Su relación es muy estrecha. Ha sabido combinar su pasión por el arte con su hija Julia, quien gracias a haber estudiado Publicidad y hacer una maestría en Gerencia y Promoción de Arte, es quien está detrás de todo lo relacionado con ventas, promociones y redes de su padre.
'Mis obras son muy orgánicas, soy docente también. Soy muy investigador de procesos y quiero que mis obras siempre estén cambiando. Cuando hago mis exposiciones siempre busco que cada una tenga un distintivo'.
Su amor por la ciudad lo llevó a ser uno de los 30 artistas que participaron de ‘Vacasquilla’ y decidió narrar la historia de Barranquilla a través de una vaca llamada ‘Sofía’. 'Plasmo símbolos que tienen que ver con la cultura porque yo tomo la ciudad como mía y así quiero que mis hijos sueñen, dedicados a formarse y ser felices'.
El filipino que hizo de Barranquilla su mejor hogar
Cerca de 17 mil kilómetros separan a Filipinas de Barranquilla. Una distancia que hace 30 años decidió recorrer el chef Willy Lanete, procedente de la Isla Marinduque, en territorio asiático.
Lejos de una excusa culinaria, en ese momento su única vocación era el sacerdocio, desconociendo que tiempo después, La Arenosa se convertiría en una cuna familiar y gastronómica.
Willy estuvo en Chocó, Medellín y Bogotá como un misionero religioso a través de una comunidad llamada el Verbo Divino. Solo bastó pisar el municipio de El Banco, Magdalena para conocer a quien hasta hoy es su compañera de vida, una samaria que empezó a sazonar toda una receta de amor llena de apasionantes ingredientes.

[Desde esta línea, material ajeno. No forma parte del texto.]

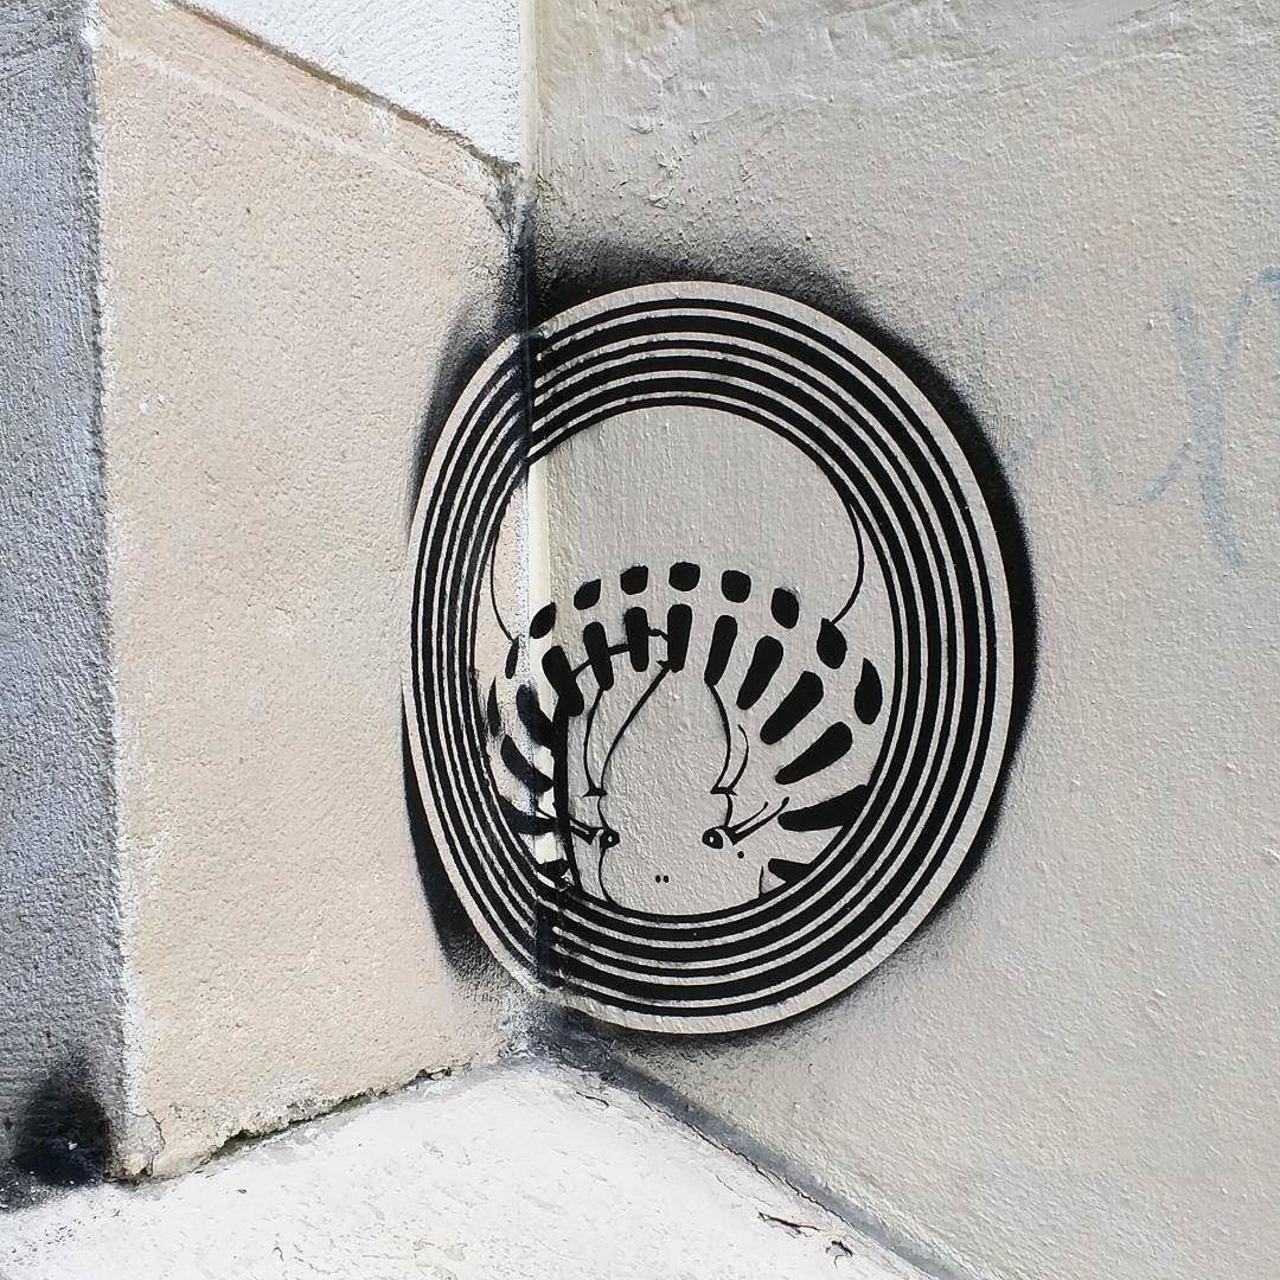 #Paris #graffiti photo by @alphaquadra http://ift.tt/1GFdVyH #StreetArt http://t.co/GTXJtQexvD
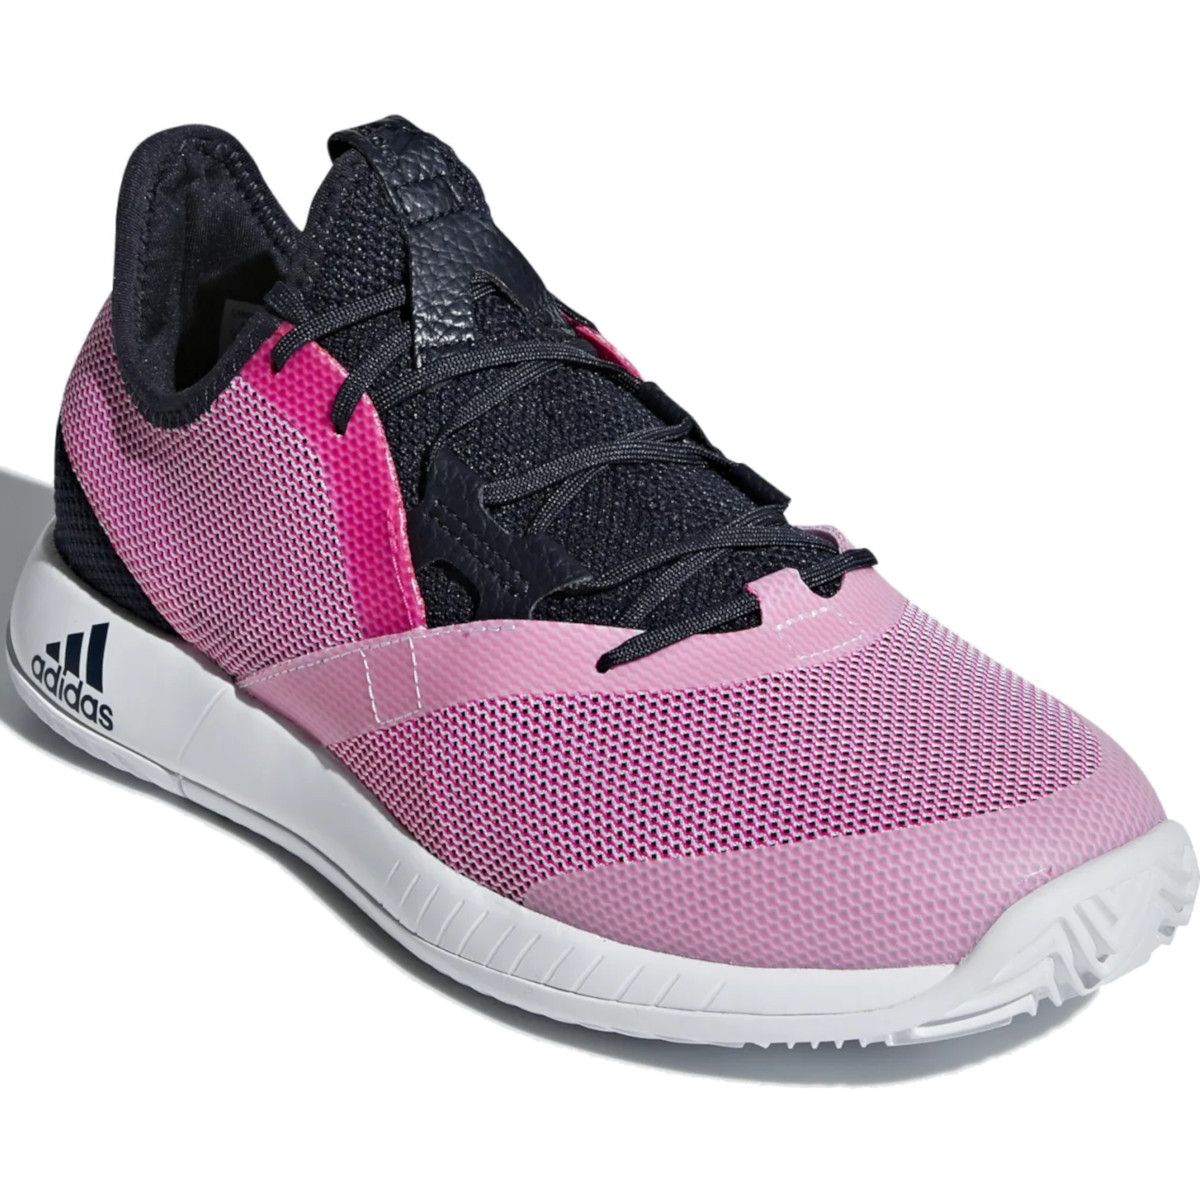 adidas Adizero Defiant Bounce Women's Tennis Shoes AH2111

Alicia Bravo era gerente de ventas de una empresa de software dirigida a parroquias cuando lo conoció. Gracias a ese idilio que se estaba cocinando, lograron nacer sus dos hijos, Luis y Nicolás en Barranquilla. Desde 1997, decidieron que la ciudad sería su mejor hogar y el recinto de su restaurante: DeliAsia.
Su esposa tenía mucha intriga sobre la cocina filipina. Es allí cuando ambos empiezan a estudiar los platos típicos de la gastronomía oriental, que no solo implica la comida china, sino la del sureste asiático, y de allí se compone el nombre del negocio: delicias de Asia, el cual se ubica en el Caimán del Río, toda una despensa de sabores migrantes.
La Puerta de Oro de Colombia lo ha hecho sentir como en casa. Le aporta tranquilidad, pese a que a veces las altas temperaturas que se han vivido recientemente lo agobien. Nada de eso ha sido excusa. Es aquí donde ejerció su rol como padre, aquel que le ha hecho adentrarse en experiencias inimaginables como pisar un estadio de fútbol.
'Incluso amé el fútbol a través de mis hijos. Me volví hincha de Junior y pisé un estadio por primera vez en el 2011 cuando Junior fue campeón'.
Sus hijos han sido un regalo de Dios, un disfrute que no tiene comparación, con los que ha podido compartir su pasión por la gastronomía, aquellos que también experimentan con él frente a los fogones. El ingrediente que le faltaba para que su cocción tuviera el toque ideal.
'No solo hay que engendrarlos, sino también criarlos. El amor debe estar en cada etapa de sus vidas'.